I suggest that we call on people to do two things:
Refuse to participate in the 2004 presidential elections, as the first step in a campaign to expose, undermine, and challenge the system. As James Carroll puts it, "Instead of politics, it is time for resistance."
Deepen the antiwar movement into a coherent, anti-capitalist, revolutionary movement.
Mass refusal to vote in a fraudulent electoral process is the first step to build a movement to collapse the system from within by withdrawing our support from it. We should call on people to hold house parties not for candidates but for discussion among neighbors and friends of what real democracy would look like and what it would take to get it. We should hold teach-ins about war and the attack on working people here at home in all its guises. We should raise money not for candidates but for literature and radio and TV ads calling for Mass Refusal to Vote. We should go to the polls armed with literature calling on people not to vote. We should bring a glaring light to bear on the chasm between the ruling elite and the people and withdraw from the system its political lifeblood. We should expose the electoral system and its role within the capitalist system.
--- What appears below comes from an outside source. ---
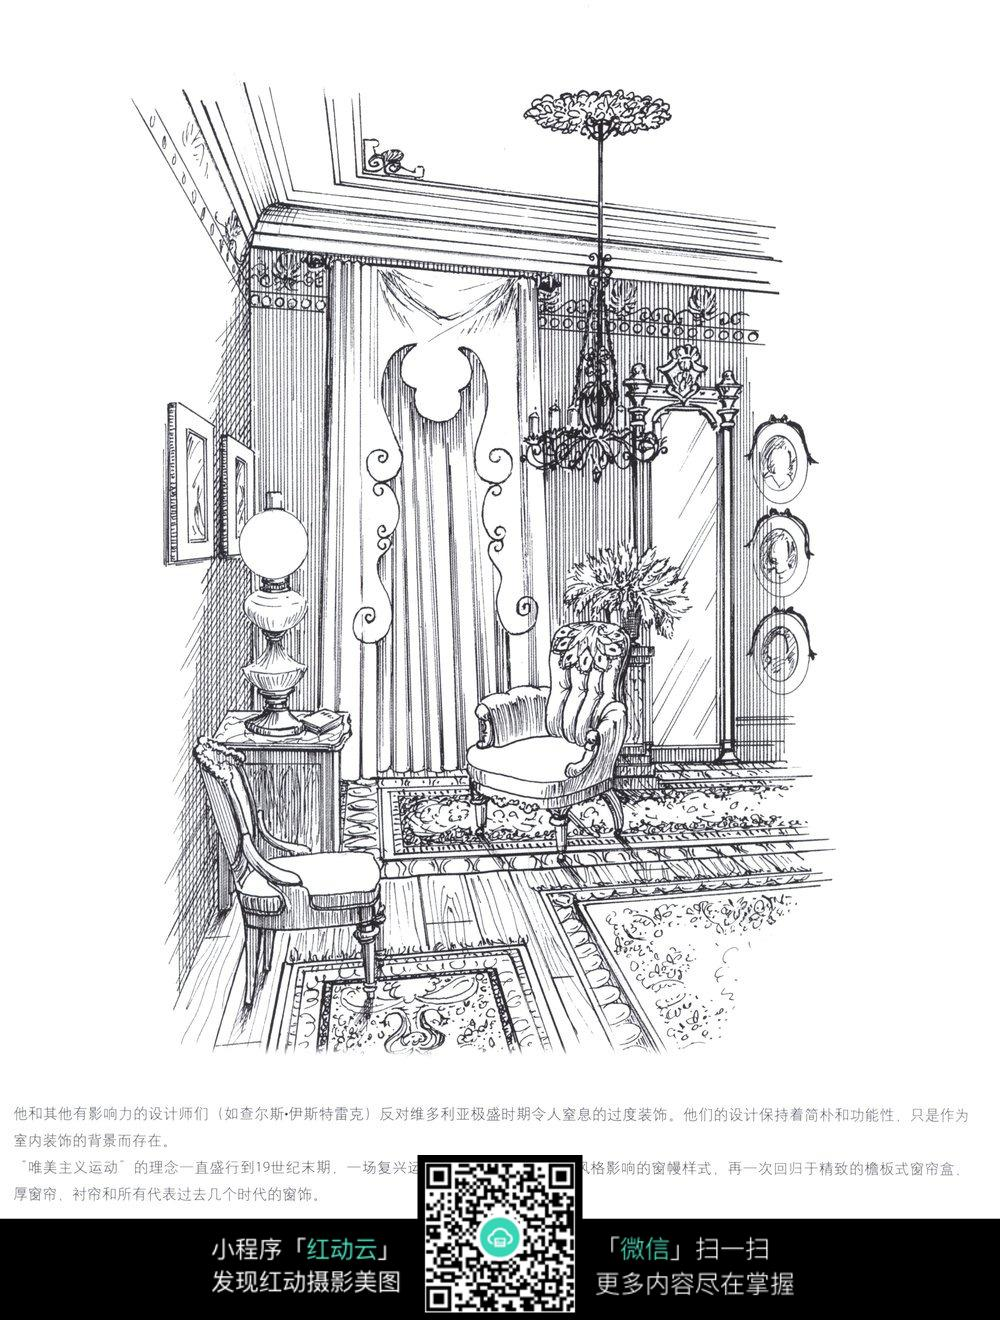 家电展示设计手绘

Politicians are front-men for the system. The great theme of our Mass Refusal to Vote should be that we are going not to the politicians but to the people as the source of change. We will not talk to the politicians, we will not support the politicians, we will not plead with the politicians, we will not give them our money or our votes. We will instead talk to our fellow country-men and -women. We will approach our neighbors, our friends, our families, our townspeople to talk about the great issues of war and peace and democracy. We will find in ourselves and our friends and neighbors and co-workers the democratic virtues and strengths and force for change that have lain dormant too long. We will find in our communities the power to move mountains and in our people the vision to create a new world.
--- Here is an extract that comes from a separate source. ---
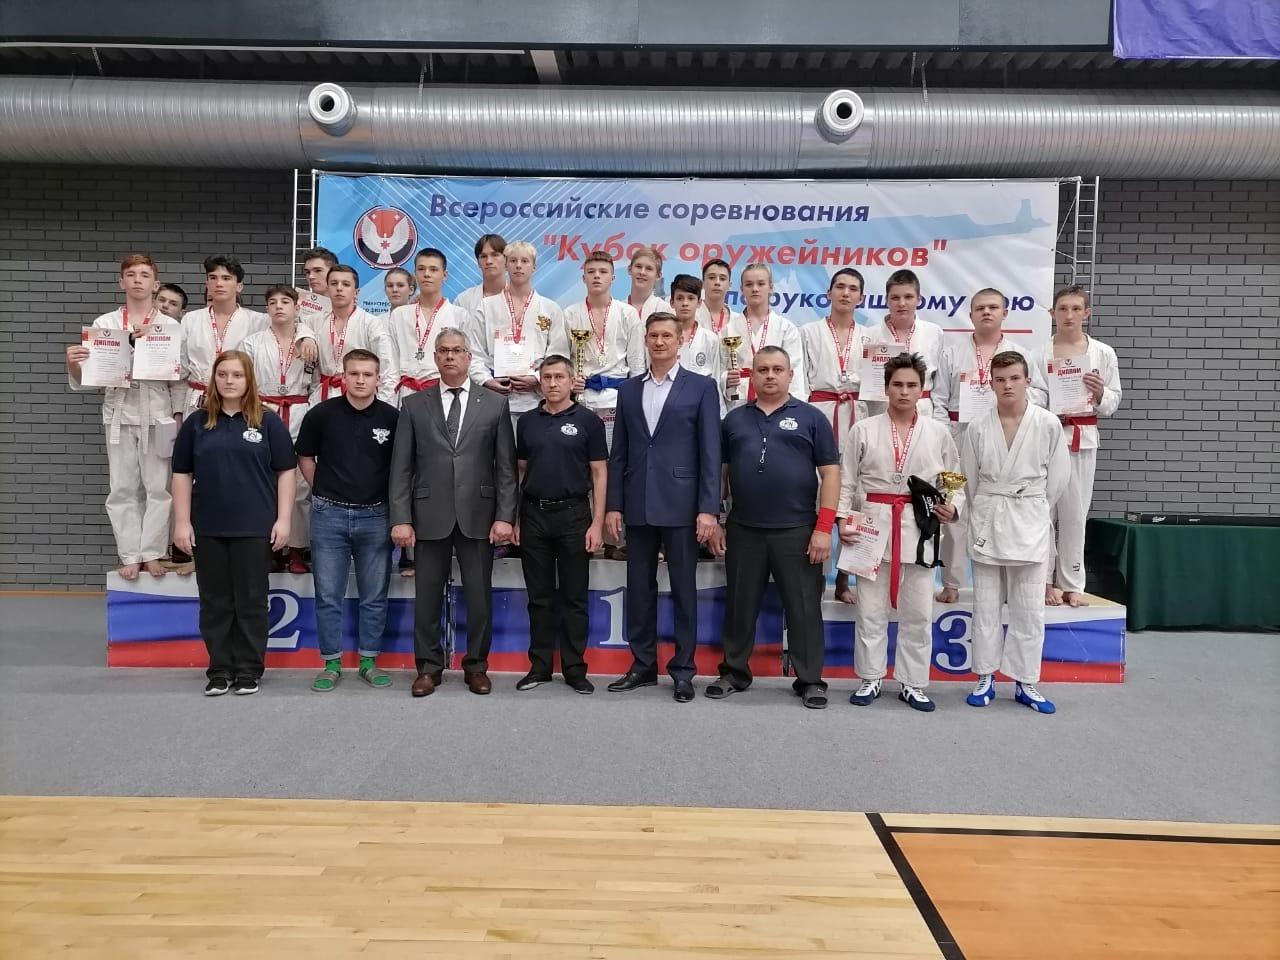 «Союз десантников Удмуртии» участвует в организации и проведении Всероссийского соревнования «Кубок оружейников» по рукопашному бою

From this great refusal to cooperate in a fraud we will move on to build Mass Refusal to cooperate with the system in every area of life that we are able: Mass Refusal to military recruiting; Mass Refusal to military demands from schools for information on draft-age students; Mass Refusal to speed-ups at work, to longer hours and overtime, building eventually to strikes and Mass Refusal to cooperate in any way with the giant corporations that control the government; Mass Refusal to support high stakes testing and other "standards-based" reforms at school; Mass Refusal to permit attacks on pensions and health care.
At the same time we should deepen the antiwar movement and other reform efforts into one revolutionary movement. It's pointless to keep trying to put out one fire after another. Why not deal with the problems at their source? The issues of war and peace, capitalism and revolution, are inseparable, as are other key issues in our society. War is the most perfect expression of capitalist society, competition taken to the point of blowing away other human beings with all the technological might that human ingenuity and endeavor have produced. Peace without revolution is impossible. The same may be said of unemployment, lack of health care, pension insecurity, attacks on the education of our young, and countless other problems: they exist because they serve the needs of the rich and powerful. They exist, in other words, because of the lack of democracy in our society. The only solution is revolution to create a real democracy based on equality and mutual aid. We need to expose the system, de-legitimize it, refuse to co-operate with it, and overthrow it.
It is time that we put the issue of real democracy on the table.